Provided data Start Marker
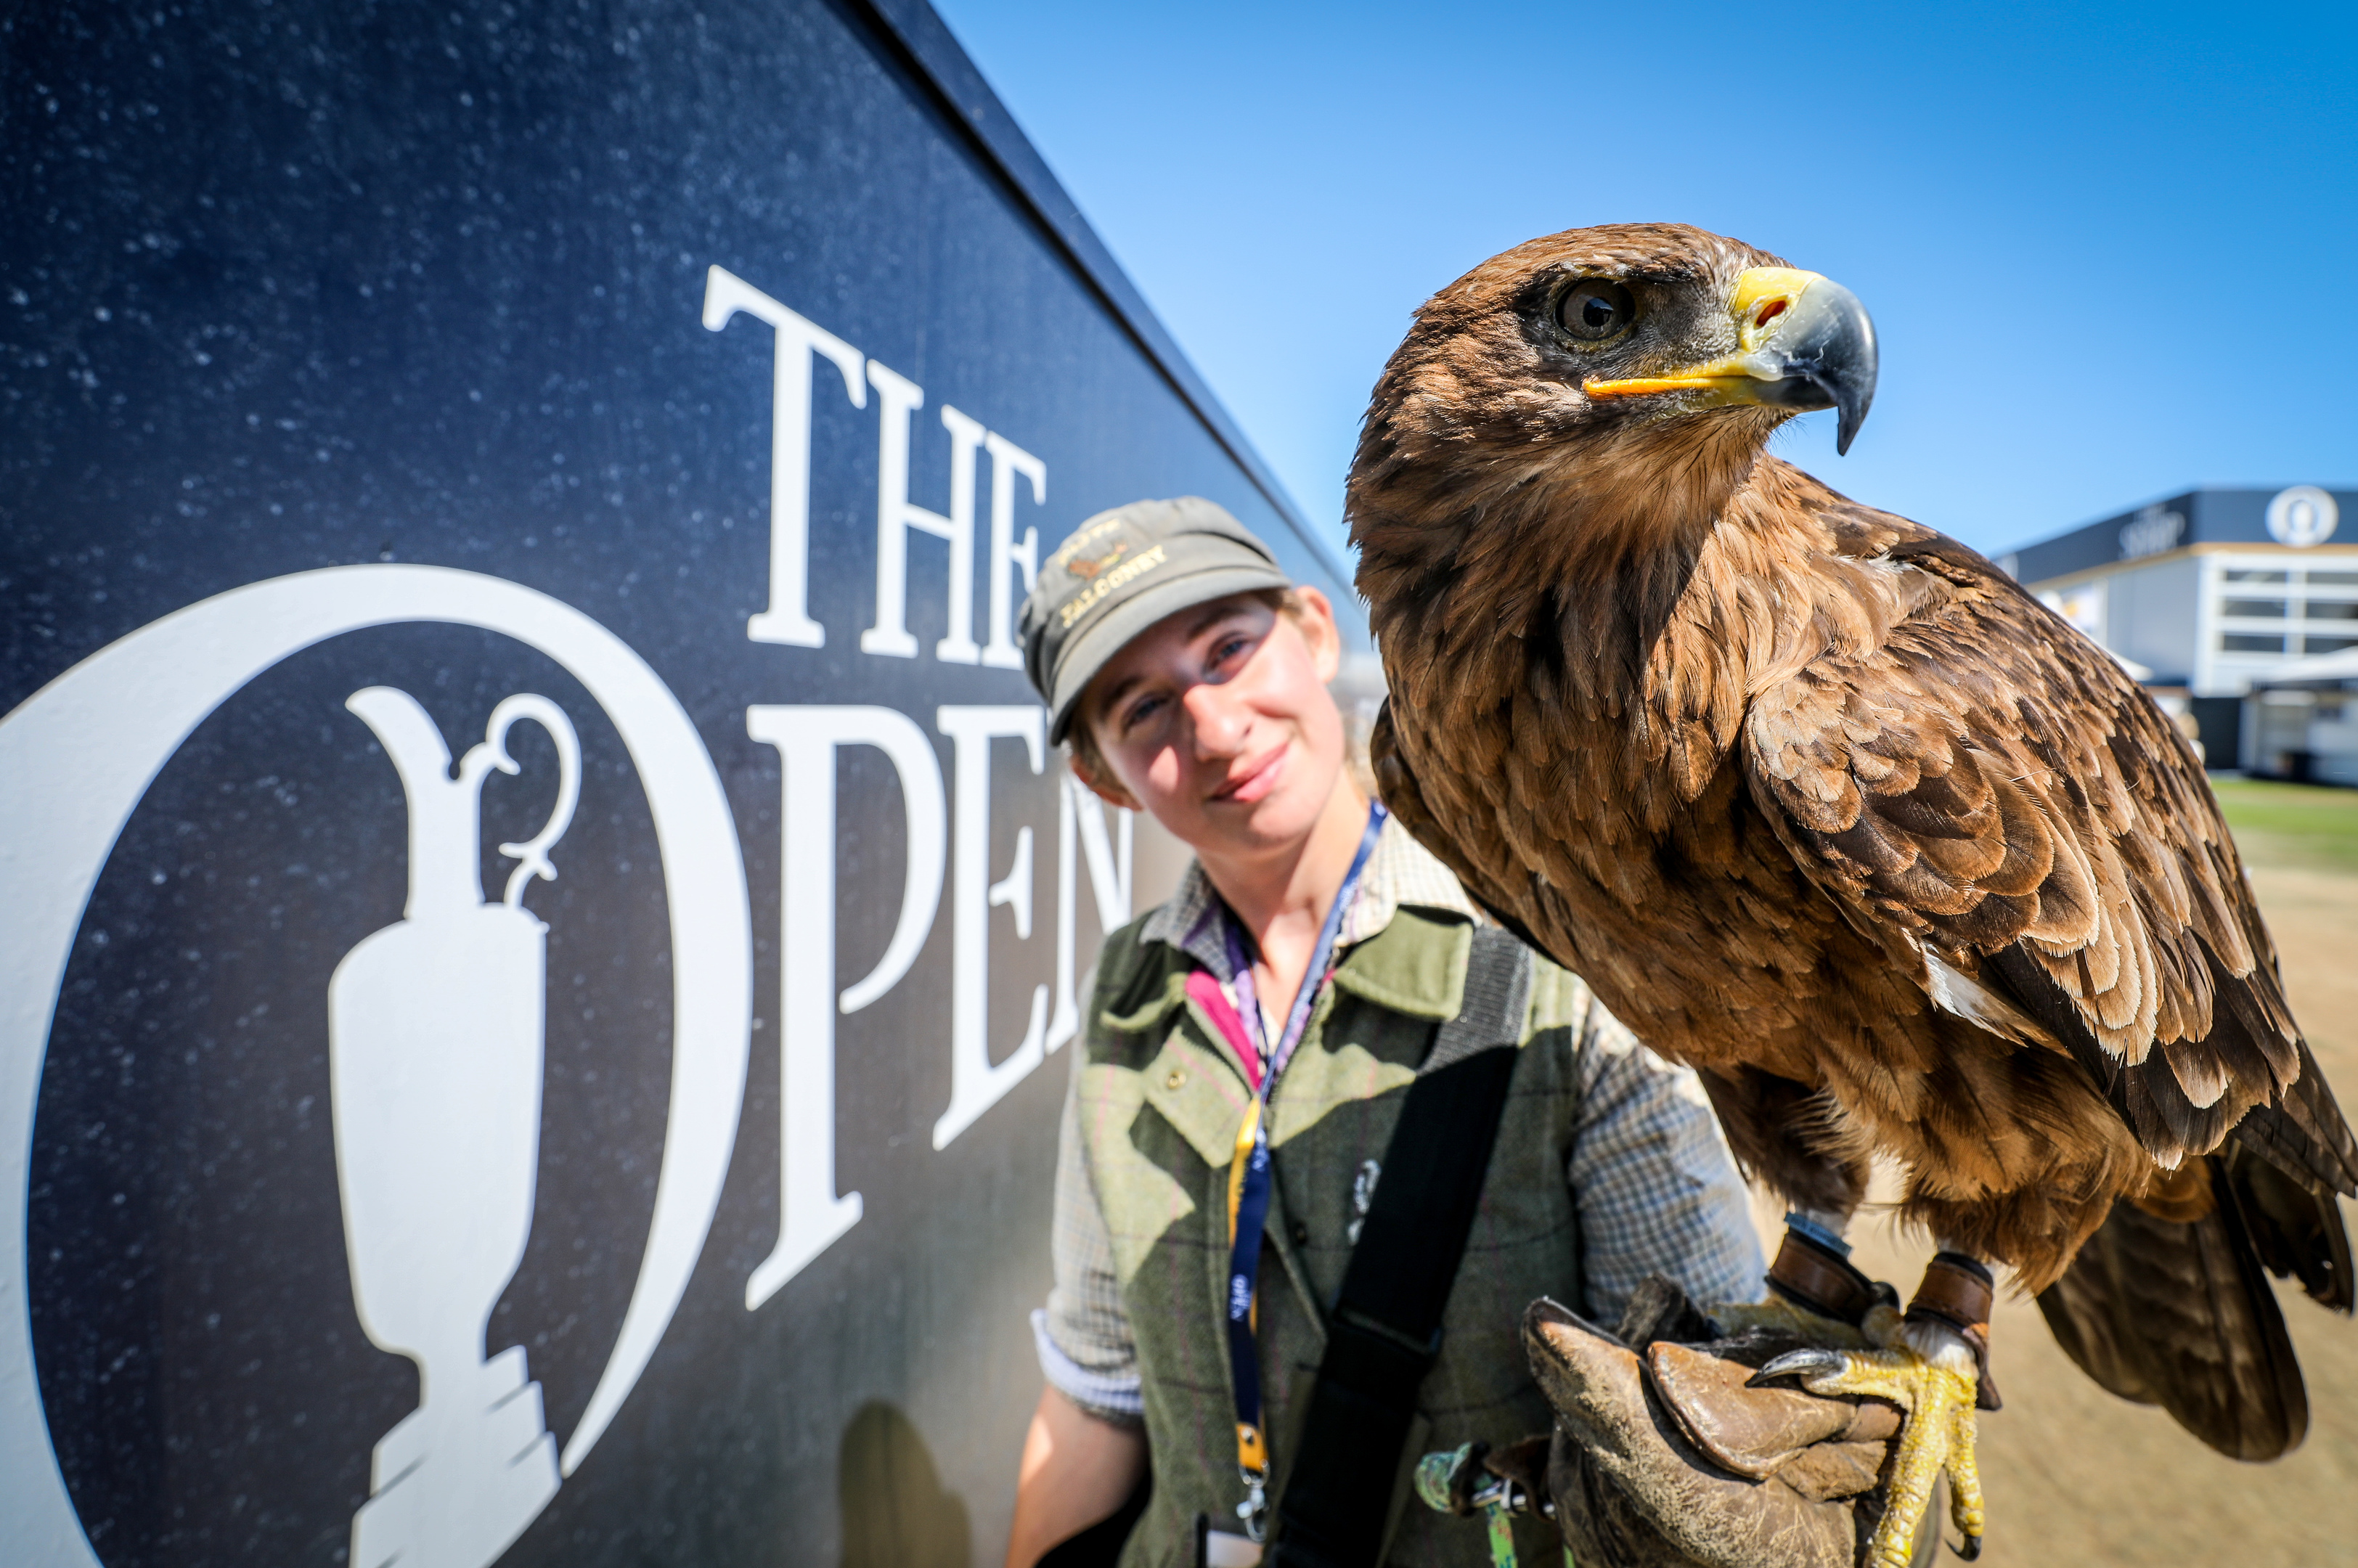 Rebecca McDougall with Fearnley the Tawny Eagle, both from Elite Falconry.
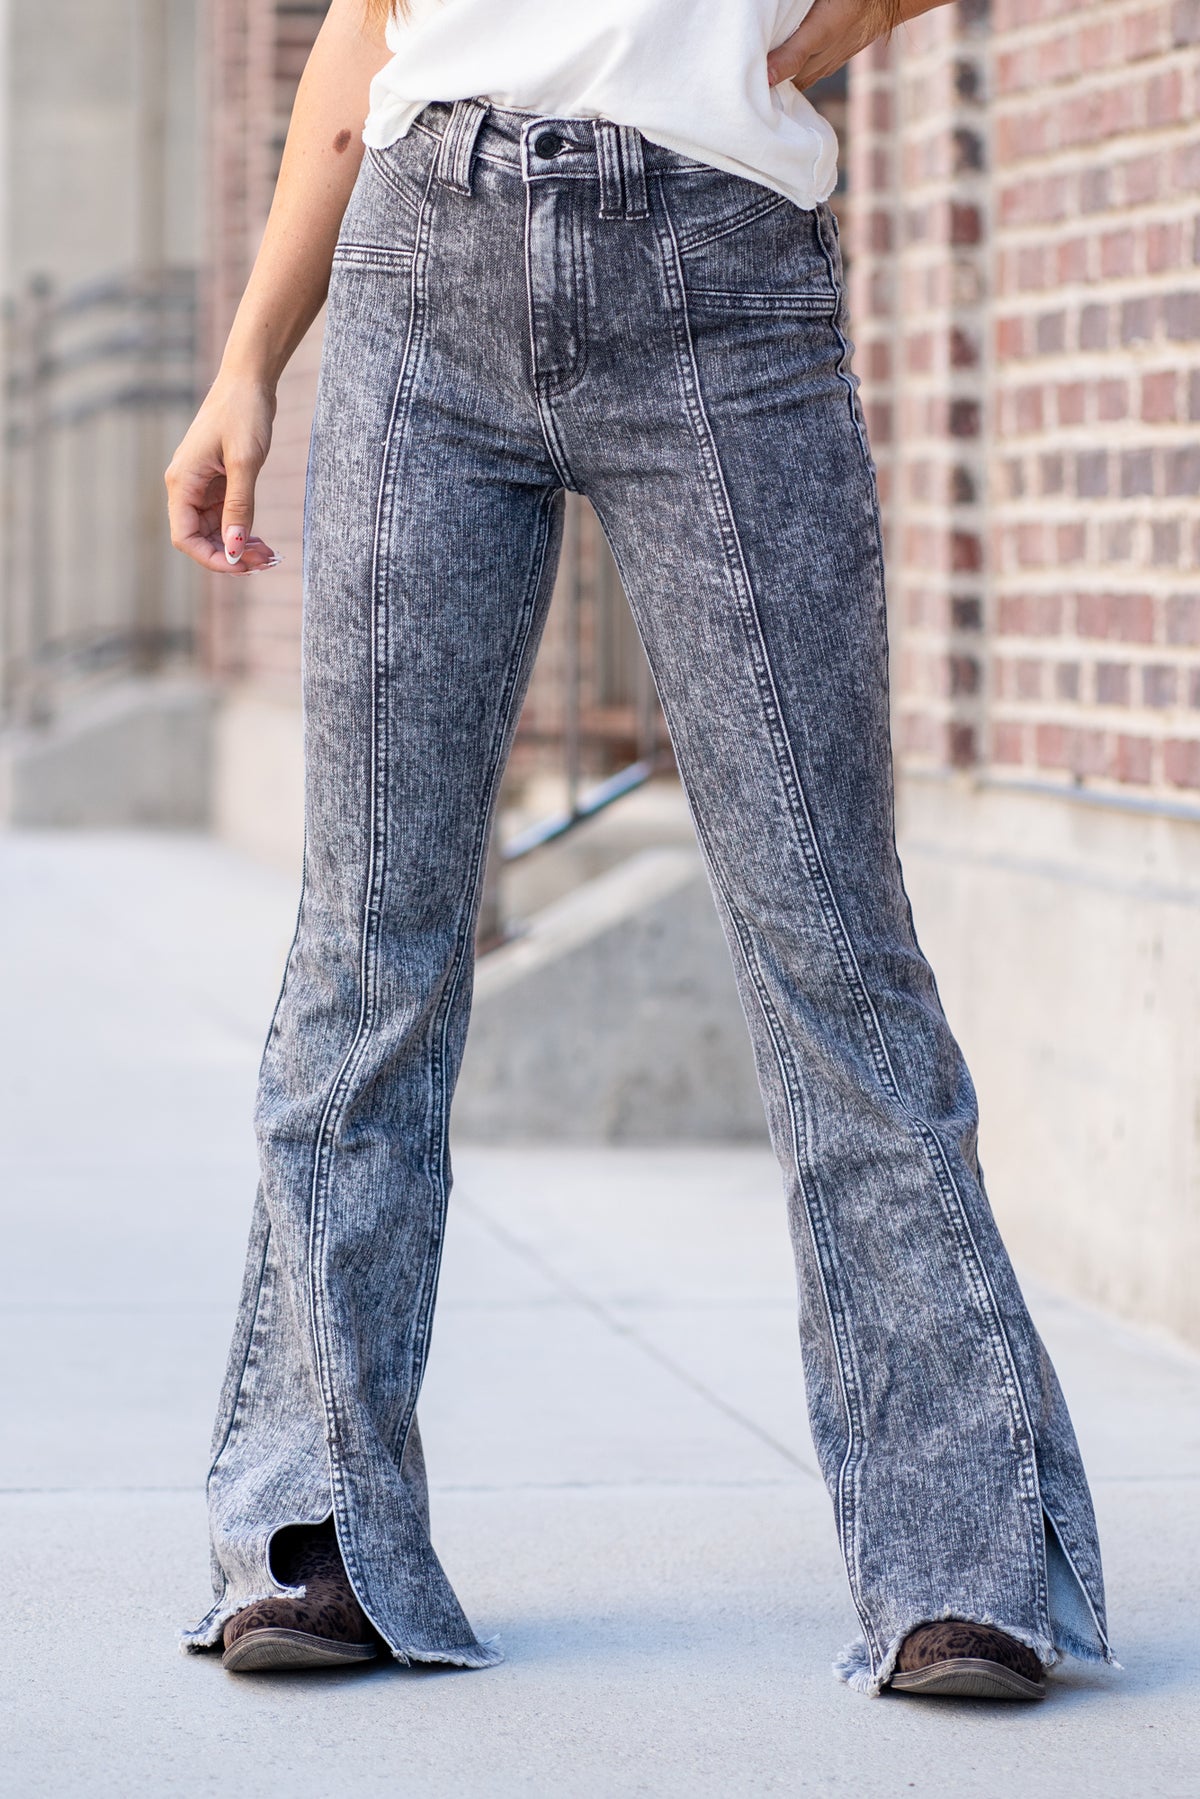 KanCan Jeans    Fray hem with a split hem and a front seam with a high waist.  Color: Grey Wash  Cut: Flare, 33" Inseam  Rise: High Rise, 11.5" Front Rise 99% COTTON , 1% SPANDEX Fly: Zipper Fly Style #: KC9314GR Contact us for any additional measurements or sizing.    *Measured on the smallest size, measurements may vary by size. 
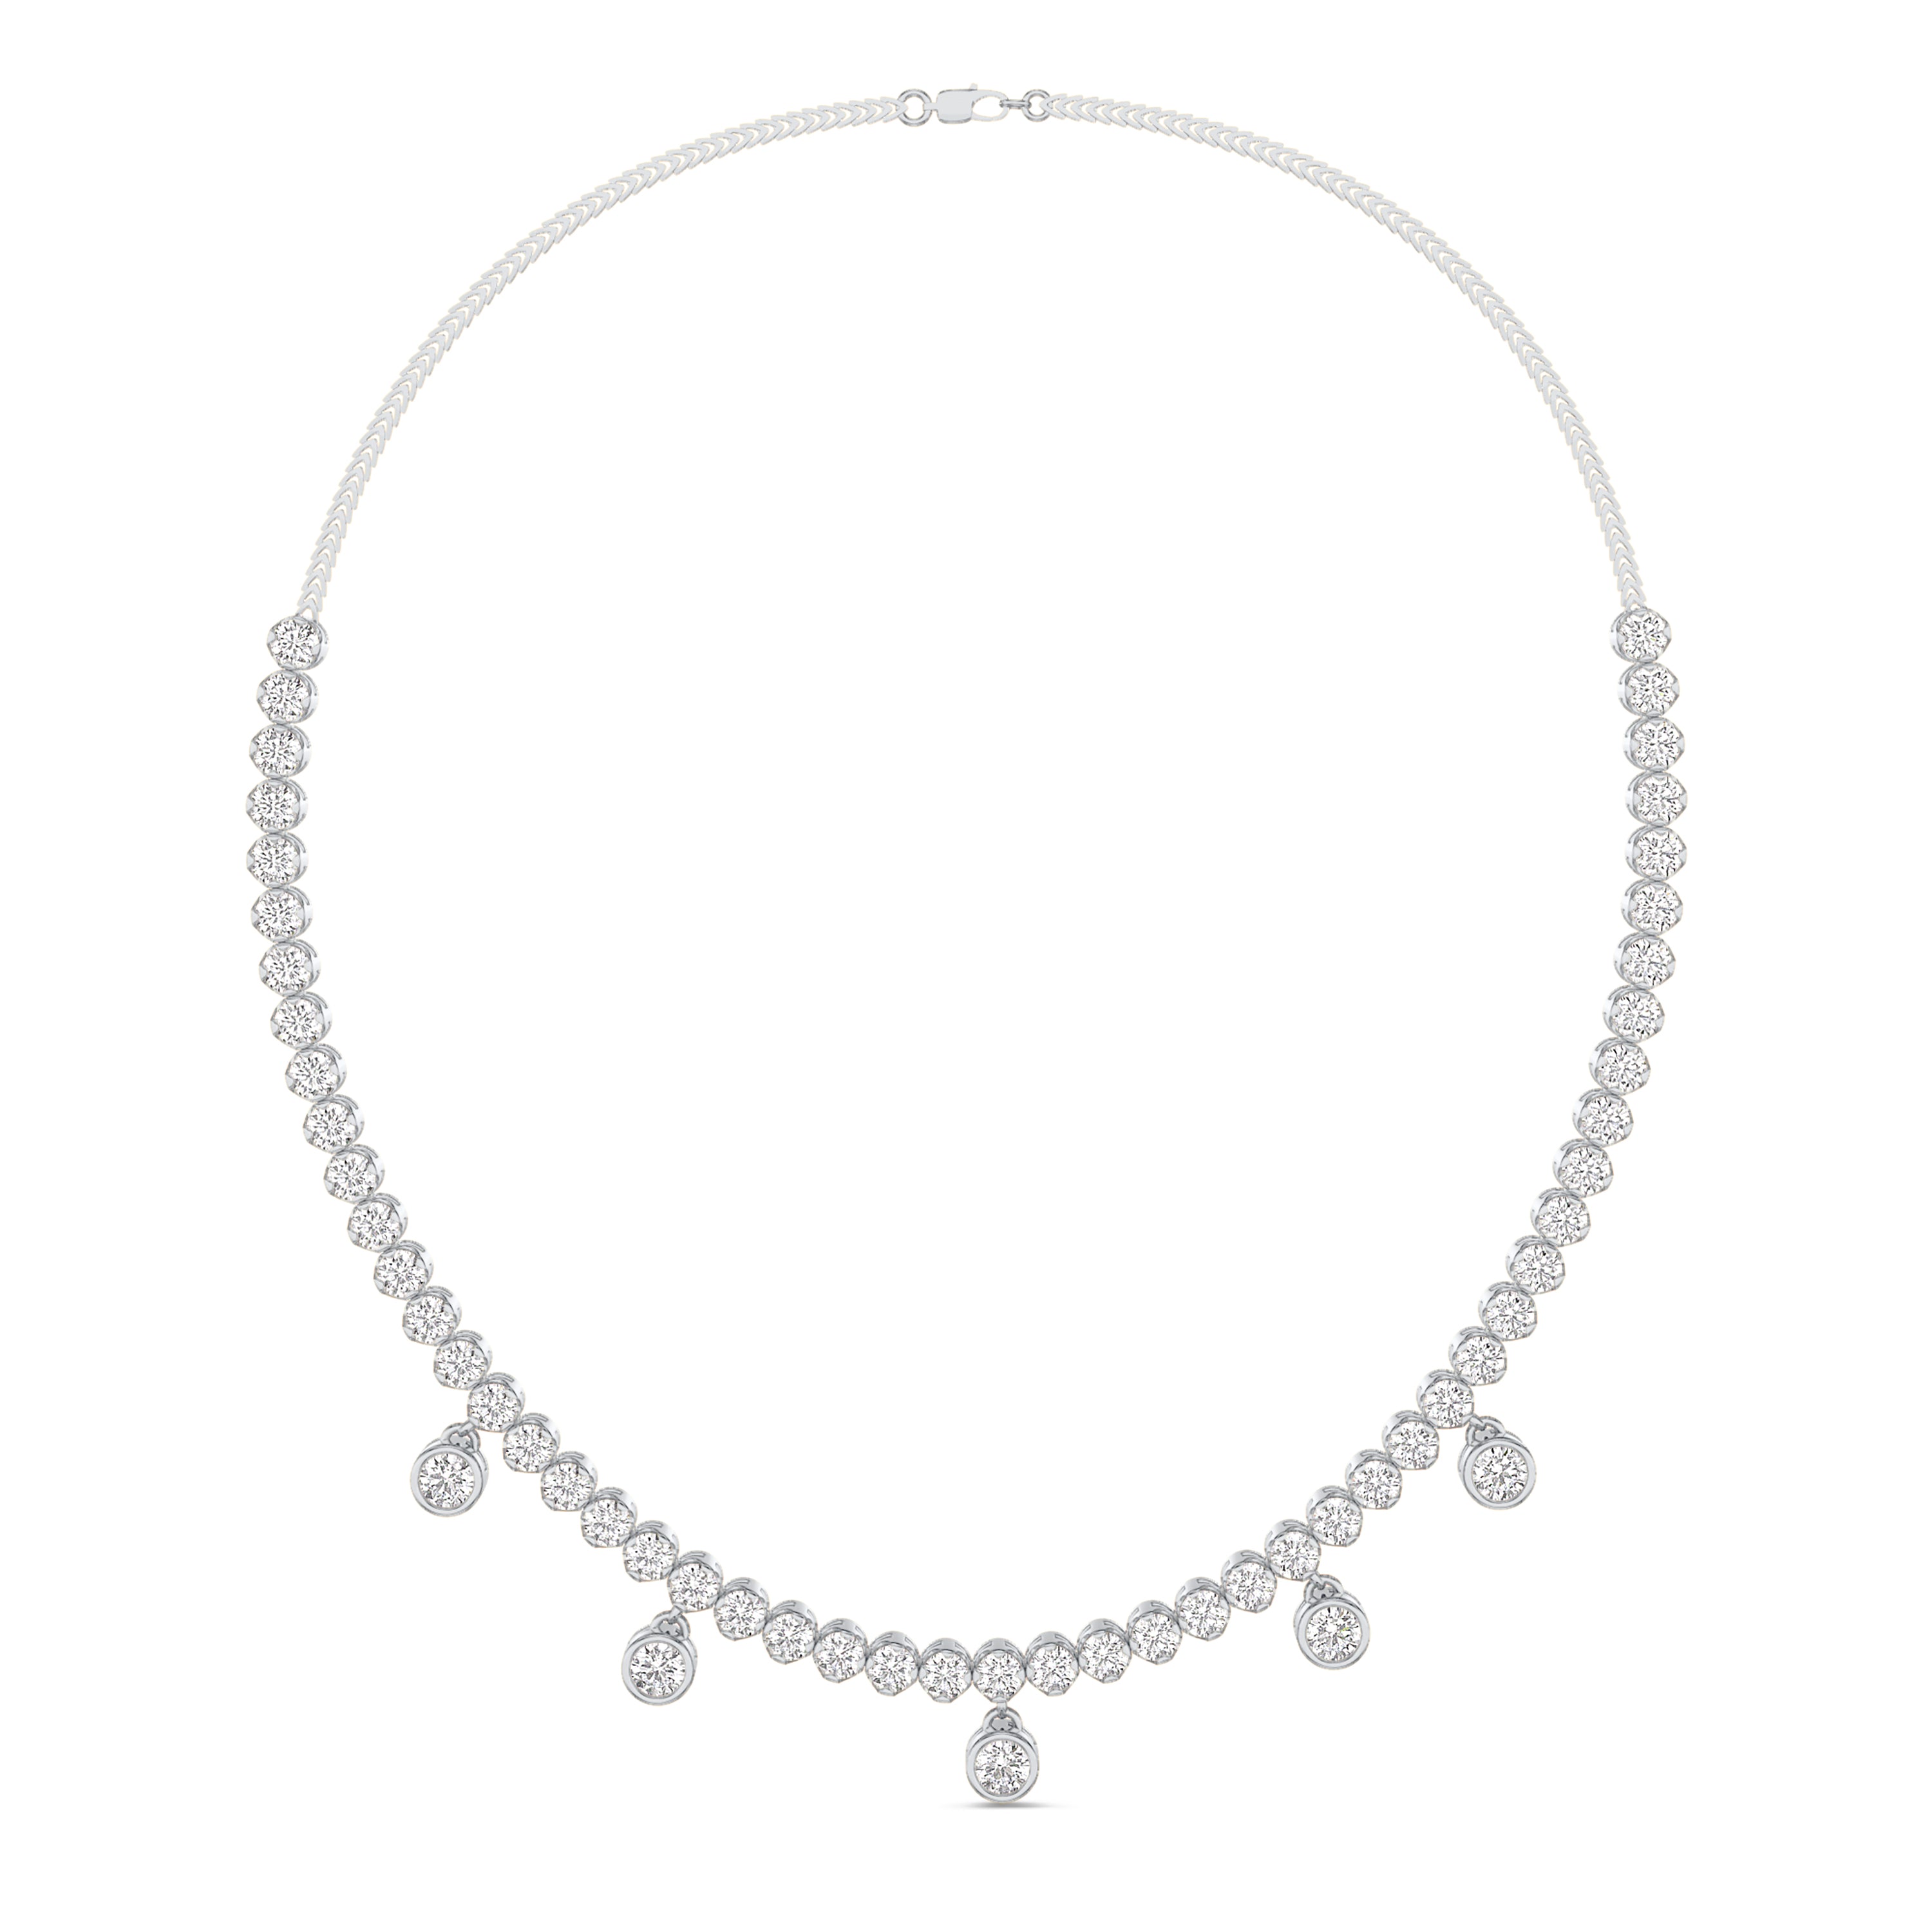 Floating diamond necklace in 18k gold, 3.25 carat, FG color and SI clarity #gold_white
Provided data End Marker
# What you will do
Reproduce the data exactly, please, and omit its pictures.

# Answer to this exercise
 Rebecca McDougall with Fearnley the Tawny Eagle, both from Elite Falconry.
 KanCan Jeans    Fray hem with a split hem and a front seam with a high waist.  Color: Grey Wash  Cut: Flare, 33" Inseam  Rise: High Rise, 11.5" Front Rise 99% COTTON , 1% SPANDEX Fly: Zipper Fly Style #: KC9314GR Contact us for any additional measurements or sizing.    *Measured on the smallest size, measurements may vary by size. 
 Floating diamond necklace in 18k gold, 3.25 carat, FG color and SI clarity #gold_white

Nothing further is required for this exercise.